As the 2018 Michelin Guide Great Britain and Ireland is published we speak to editor Rebecca Burr about this year’s highlights and the trends driving the restaurant sector
How would you sum up this year’s guide?
It is a good year – there is a vibrant, diverse selection for the guide as a whole.
For the stars it has been a very good year. We have seen interesting food and interesting chefs, there are so many highlights.
What stands out for you?
The star for the Wild Honey Inn pub in Ireland stands out – here is an older chef who cooks in a really staunch style. Then you have got Niall Keating who has gone into Whatley Manor where there were such big shoes to fill with a two Michelin starred chef leaving.
It was just an utter delight to see Paco’s Tapas in Bristol get a star; it is a brilliant business and it was really one of my meals of the year. You sit at those tall tables and have one their wonderful gin and tonics and one of their numerous courses. It is an addictive, fascinating place with really good food.

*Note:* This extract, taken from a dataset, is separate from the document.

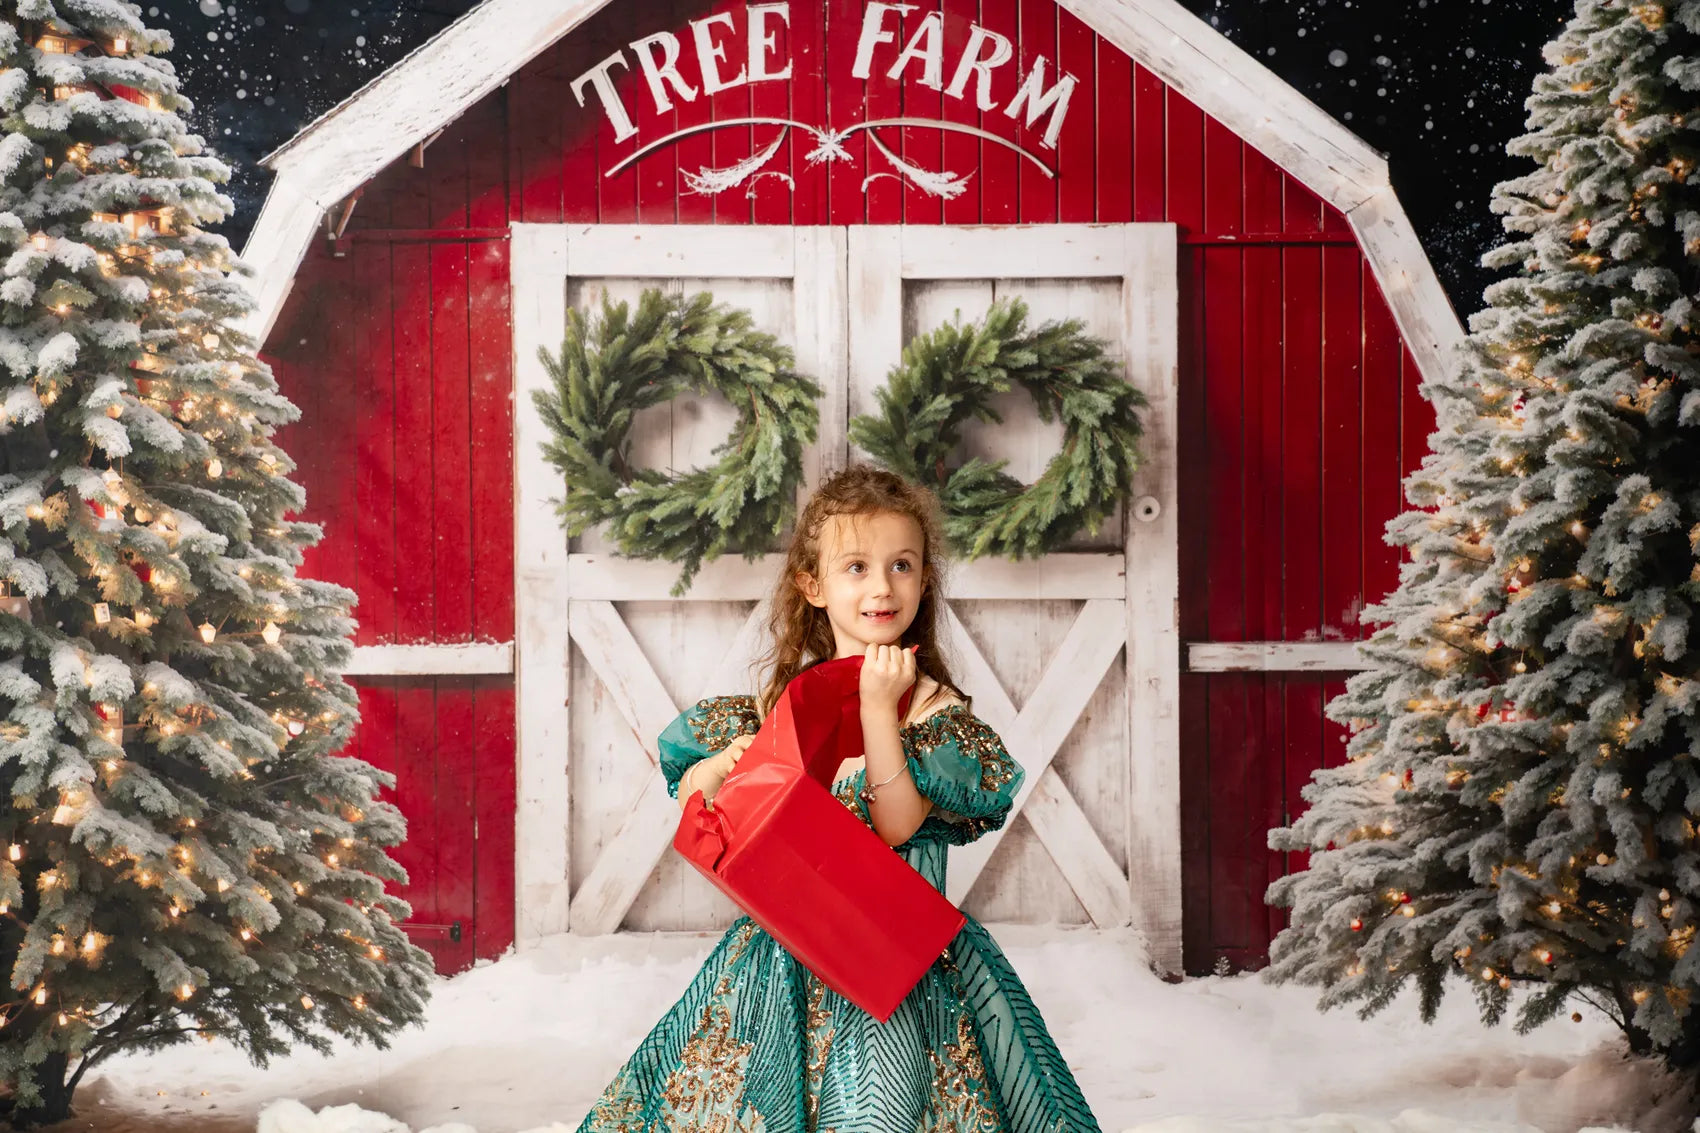 RTS Kate Winter Christmas Tree Farm Red Barn Backdrop Designed by Chain Photography
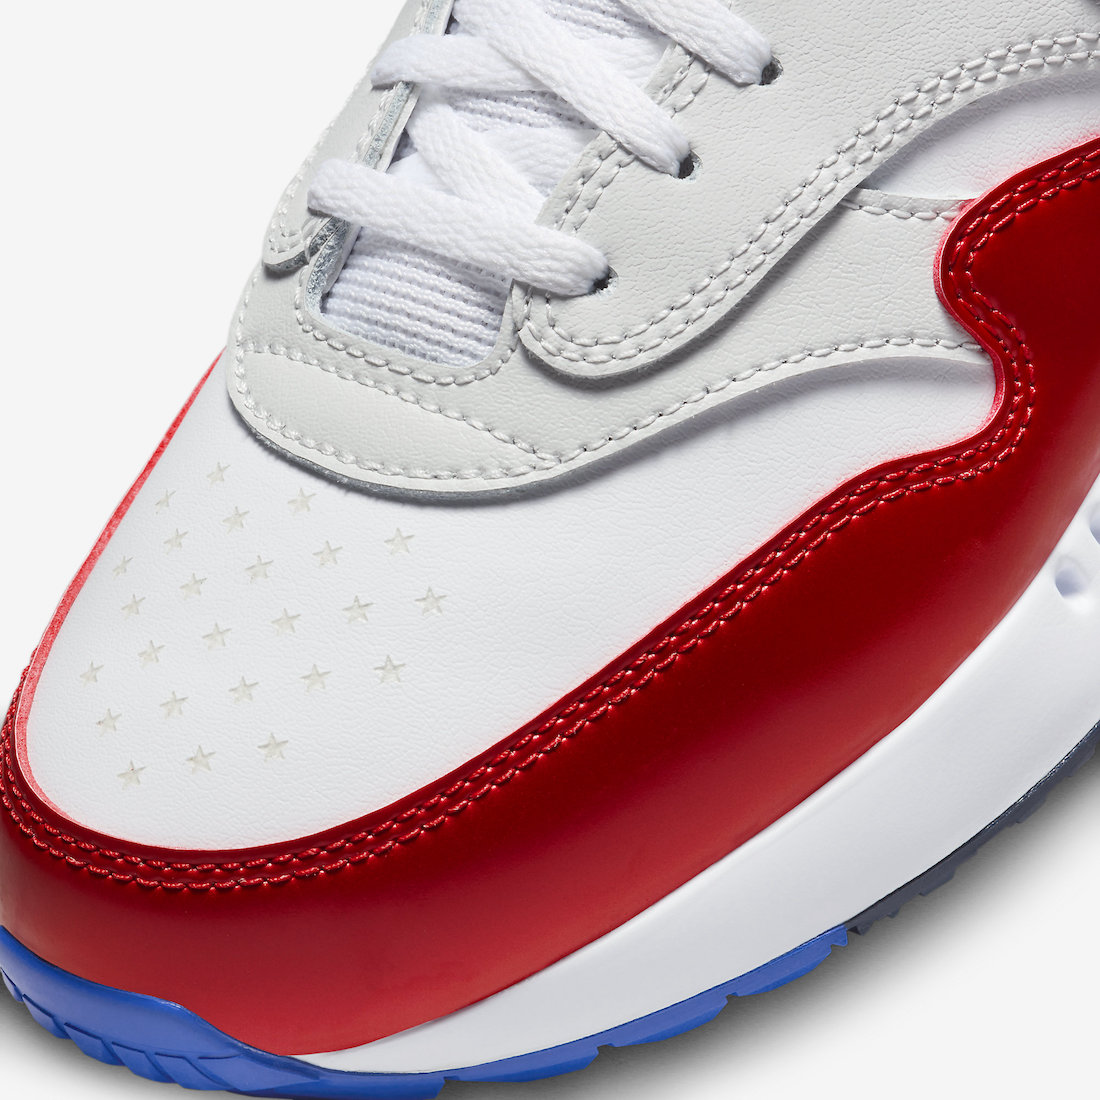 Nike Air Max 90 Golf University Red Game Royal Release

Of course there is Tom Kerridge and The Coach at Marlow – this is completely different to the Hand and Flowers. It has taken them a while to get up to the standard – they were Bib Gourmand before, and it is still great value; from a bacon sarnie in the morning to lunch and dinner.
Has there been a spike in contenders for the Bib Gourmands?
Yes, absolutely. It is a brilliant year; we have a great variety of Bib Gourmands and they are really important to us.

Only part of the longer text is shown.